***** INFORMATION PROVIDED *****
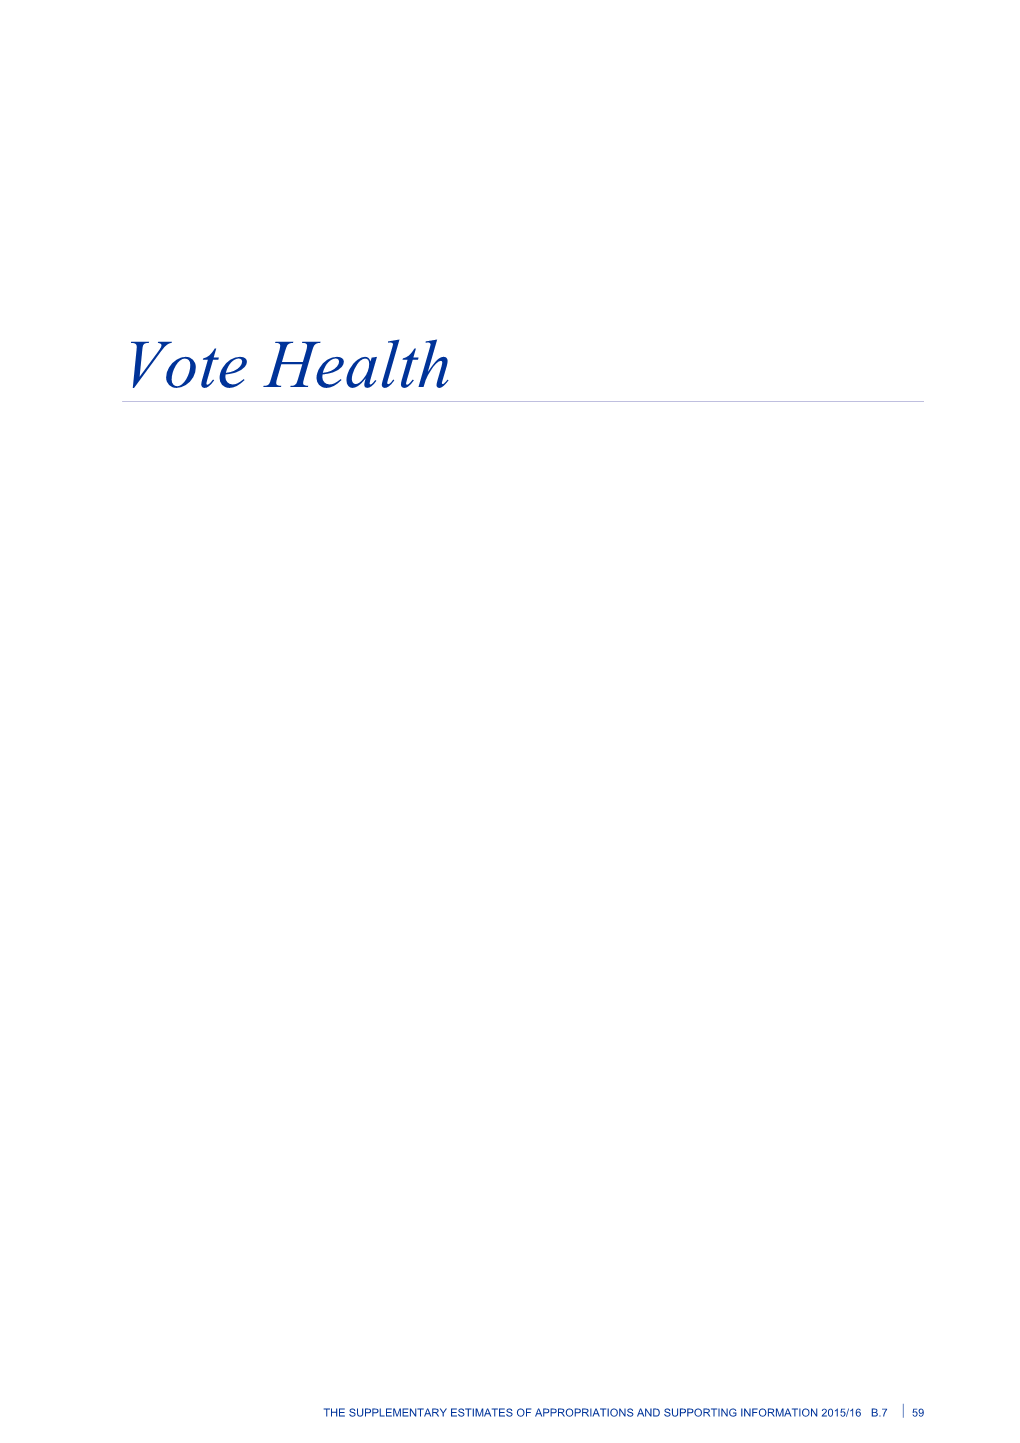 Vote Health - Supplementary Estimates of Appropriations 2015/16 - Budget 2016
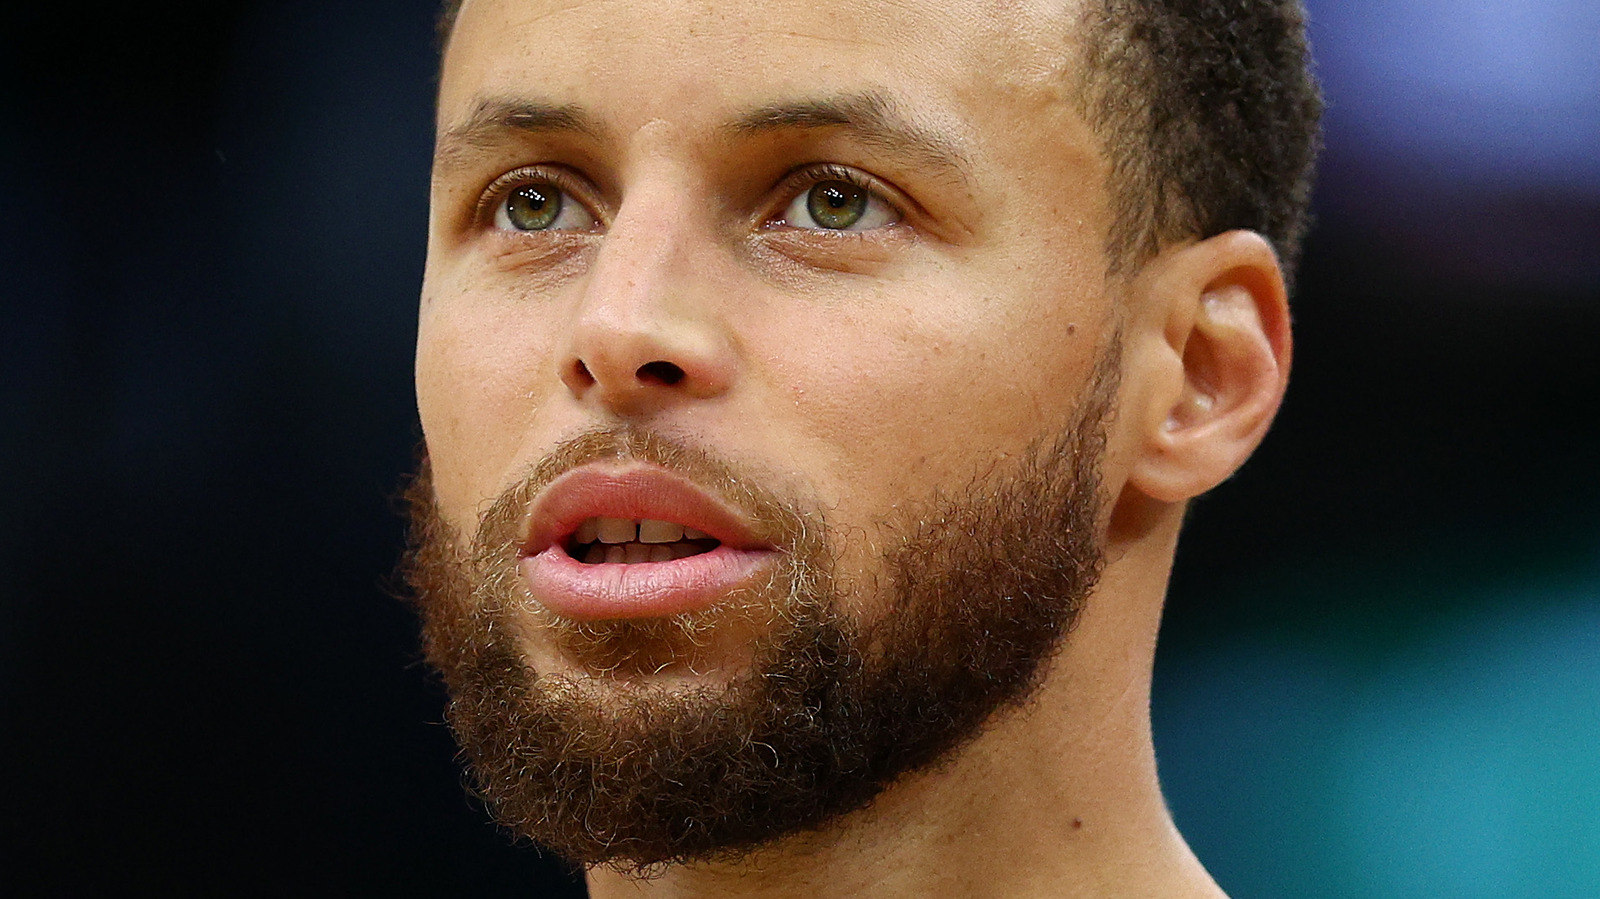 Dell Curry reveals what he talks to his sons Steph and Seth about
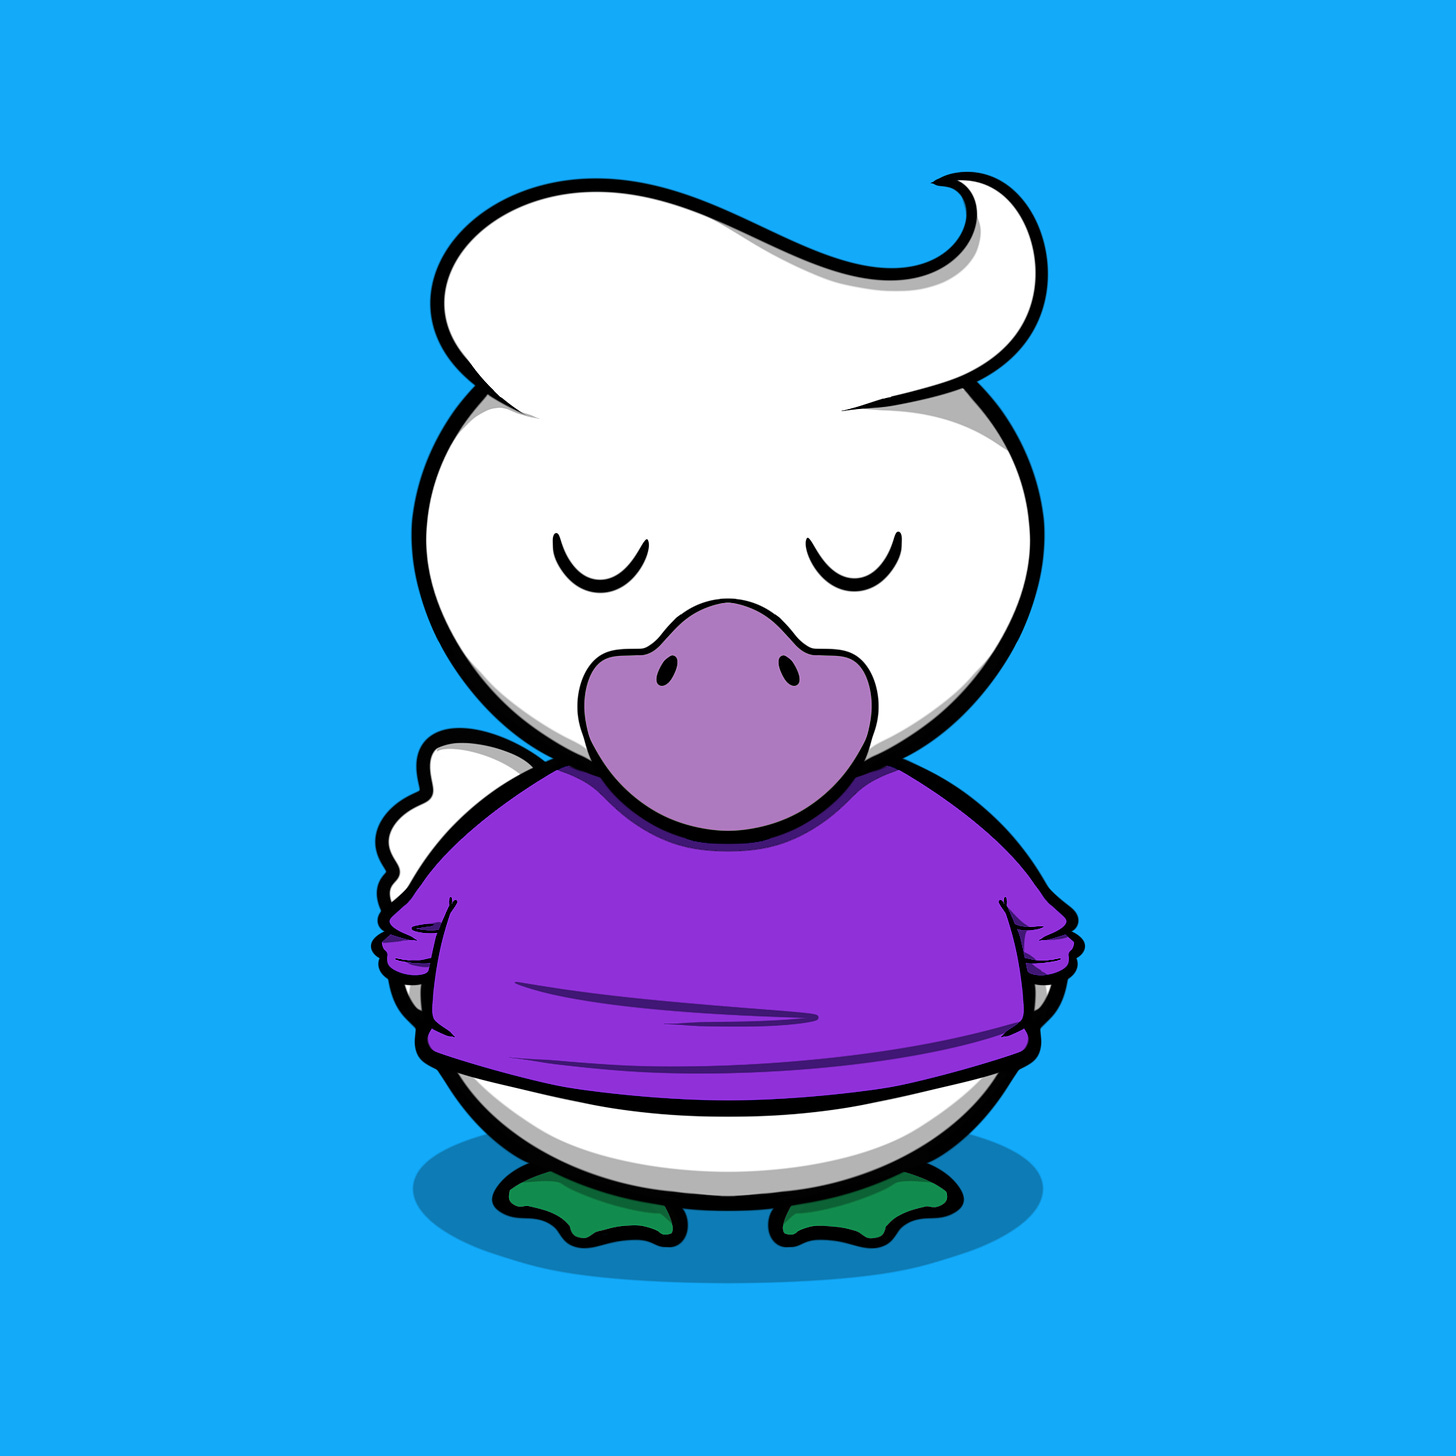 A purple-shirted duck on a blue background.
*****
WHAT IS NEEDED
The whole listing must be restated word for word. Leave out any pictures.

SOLUTION TO THE EXERCISE
 Vote Health - Supplementary Estimates of Appropriations 2015/16 - Budget 2016
 Dell Curry reveals what he talks to his sons Steph and Seth about
 A purple-shirted duck on a blue background.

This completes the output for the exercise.